You may have noticed that the semicolon at the end is missing. This is because we want to attach a label so we know who's who:
.anchor("left").add(pv.Label)
.textAlign("left")
.textBaseline("bottom")
.text(function(d) d.name)
.textStyle("#333");
Since the anchored label is passed the same data item the original object uses, we have to extract the name attribute. Everything else is just for proper alignment and styling.
In addition to the lives, we care about the presidents' office terms. This works essentially the same way, it just uses a darker shade of gray and doesn't involve a label.
vis.add(pv.Bar)
.data(presidents)
.left(function(d) dates(d.term_began))
.width(function(d) dates(d.term_ended)
- dates(d.term_began))
.height(3)
.top(function() ((h + pad) * this.index) + pad)
.fillStyle("#ddd");
So far, we've handled them all the same way, no matter if they are still alive or not. That works because we earlier set the values so that none of them was past today
, so none of the bars can go off the right edge. Now, let's add a little indicator to show which ones are still around. This is a thin line that we're adding to the right end of the life line. In the original version, I had a little triangle there that turned the bars into arrows, but that doesn't work very well with these thinner bars.
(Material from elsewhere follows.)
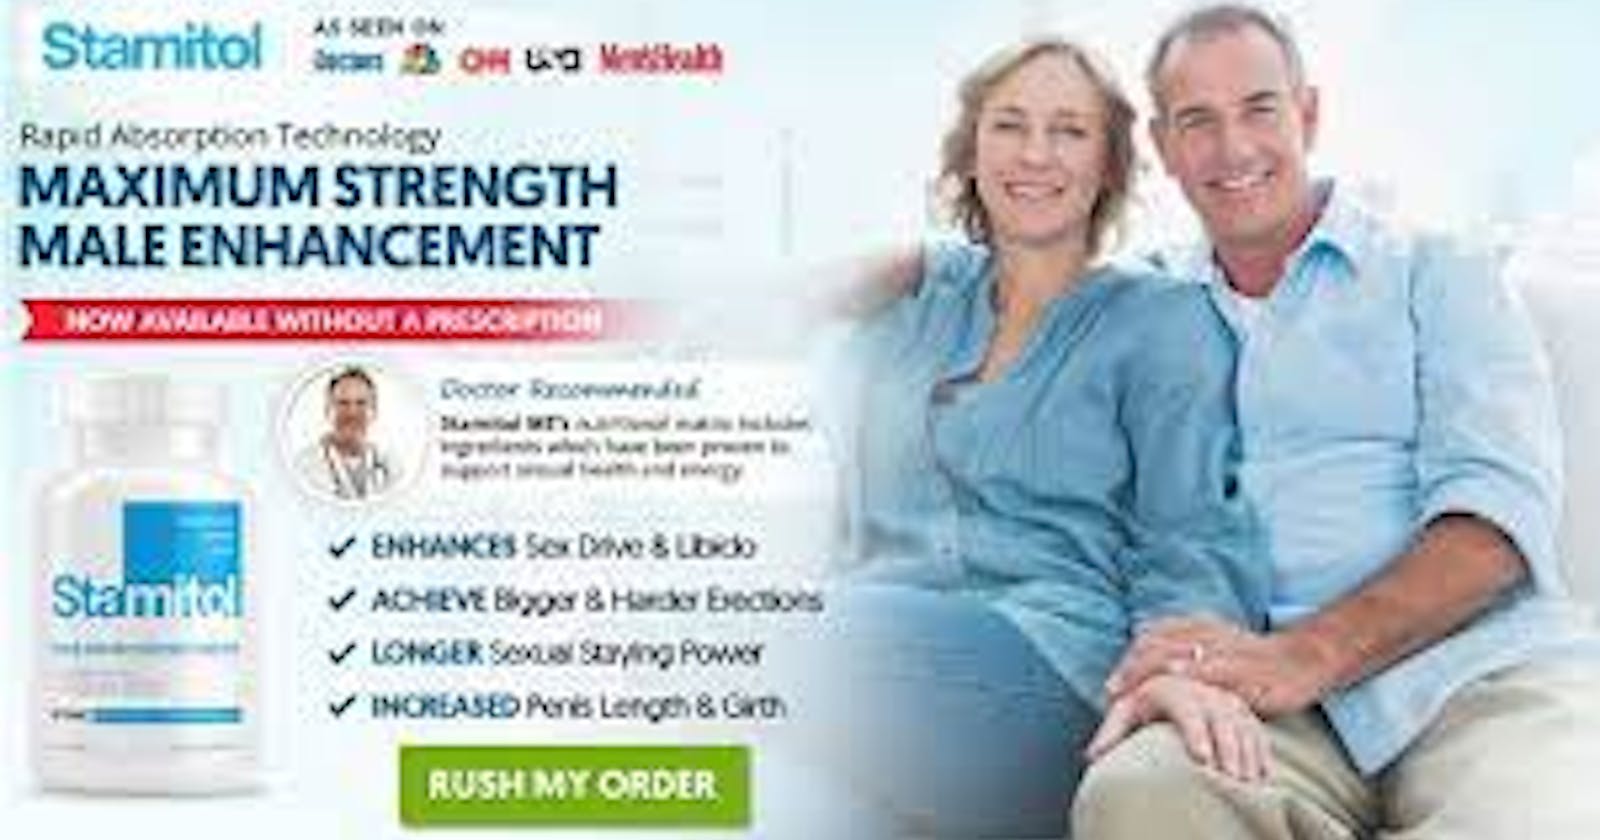 Stamitol Male Enhancement Reviews For Official Website?
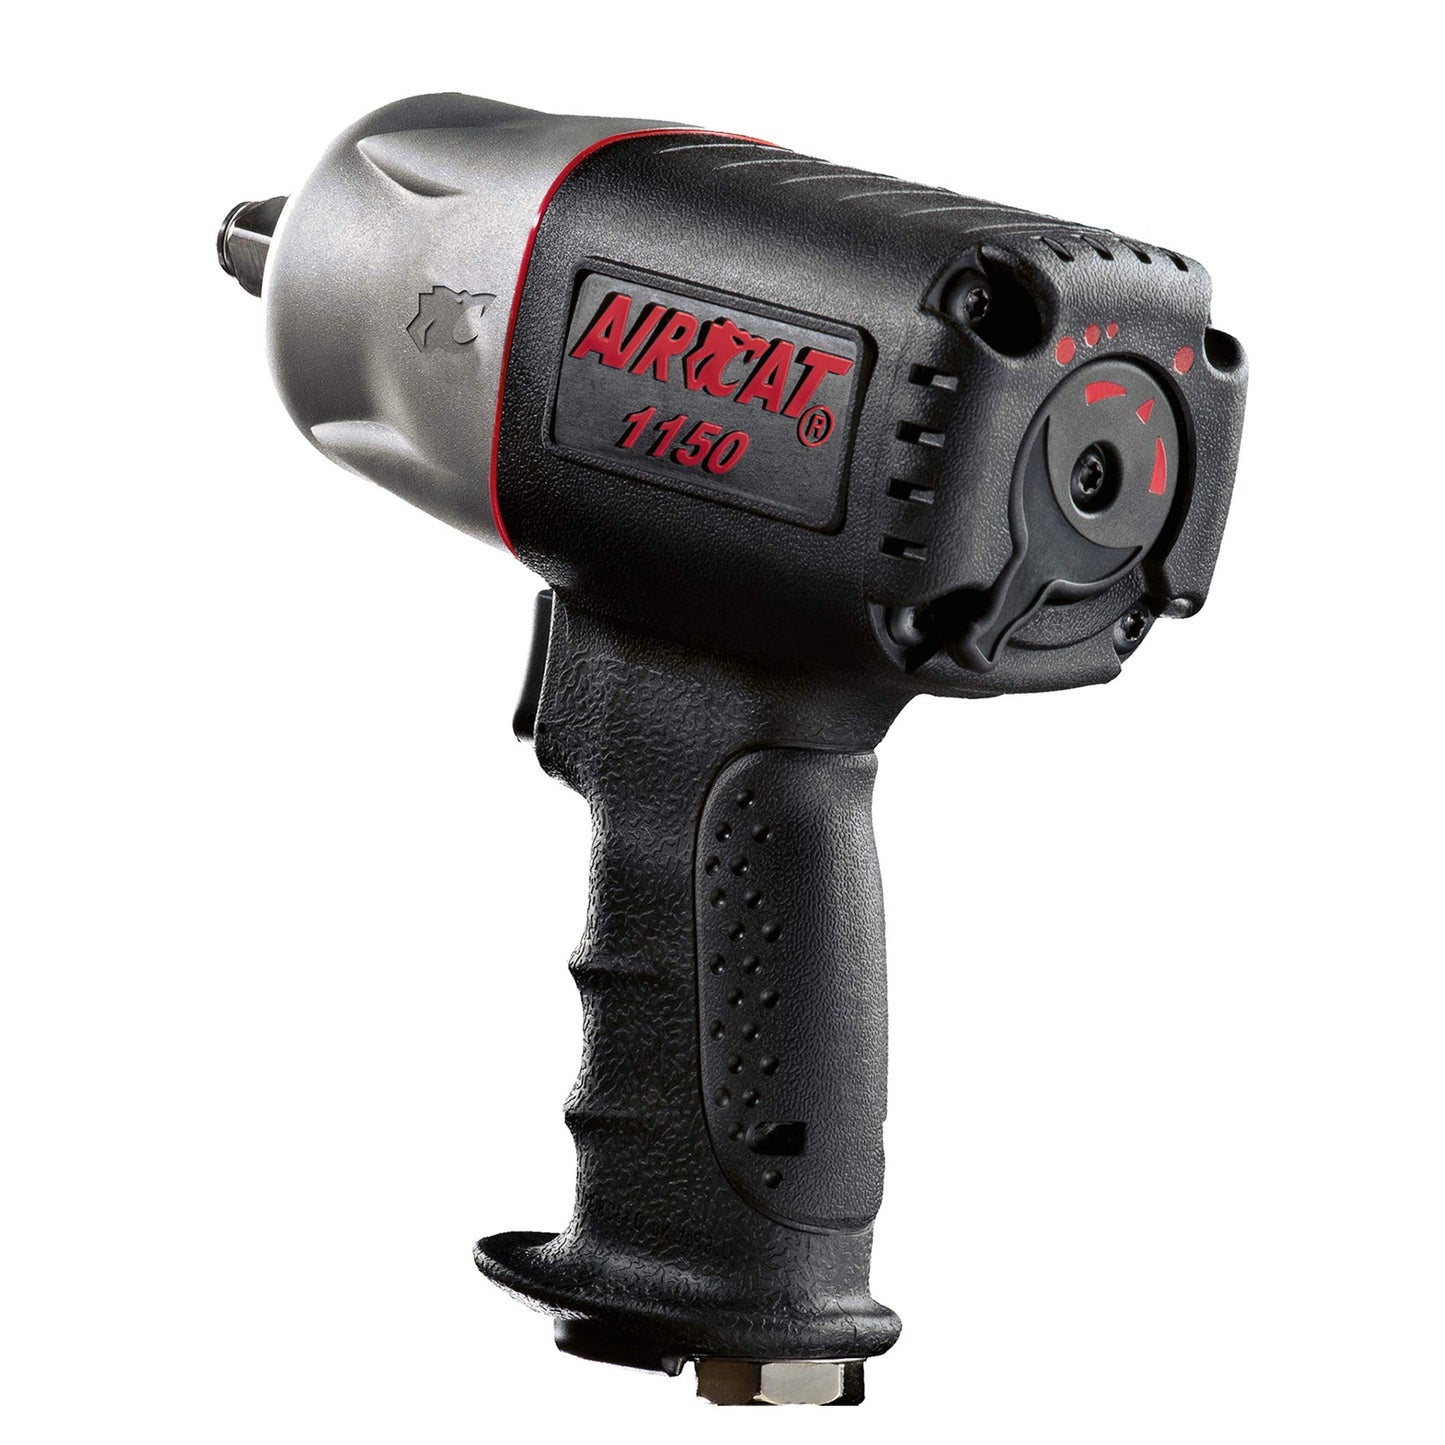 AIRCAT Pneumatic Tools 1150 1/2-Inch Composite Impact Wrench : Compact & Low Weight Power Tool : Impact Tool for Automotive Repairs & Maintenance

The line is another bar, this one only a single pixel high. Other than that, the mapping is fairly straight-forward. The only thing to note is that we need a .visible
attribute to only show it for those few people who are still around. Also, the .fillStyle
has to be different for the president who is still in office. Since the office bar is darker, it only makes sense to also make the extension darker in this case. I will explain the ?
operator a little further down, because we'll also use it for the interaction, but basically it's a conditional expression: if the first part is true, it returns the part right after the ?
, otherwise it returns the part after the :
.
vis.add(pv.Bar)
.data(presidents)
.visible(function(d) d.died == today)
.left(function(d) dates(d.died))
.top(function() ((h + pad) * this.index) + pad + 1)
.height(1)
.width(10)
.fillStyle(function() (this.index == presidents.length-1)
? "#333": "#ddd");
So let's look at what we have so far:
Interaction Setup
There are several ways to create interactivity in Protovis. The general way so far has been to put a transparent object over the entire panel (or at least the parts that you want to interact with), catch mouse events, and figure out what to do with them. Protovis 3.2 introduces behaviors, which are much more elegant and specific, but also have their own pitfalls.
The interaction we're going to build is a simple mouse-over that will show some lines to better compare different life lines, and a label showing actual dates. To do this, we'll need to capture mouse events when the mouse pointer is over an object. This is done by specifying a behavior for the entire panel:
var vis = new pv.Panel()
.width(width).height(height)
.event("mousemove",
pv.Behavior.point(Infinity).collapse("x"));
Notice the second line that binds a pv.Behavior
to the mousemove
event. The definition of the behavior says that we are interested in pointing, and that we do not care if the closest object is too far away (i.e., we're specifying a circle with radius infinity to capture objects). Also, we do not care about the x position, only y, so we'll tell Protovis to ignore that part when looking for the closest match.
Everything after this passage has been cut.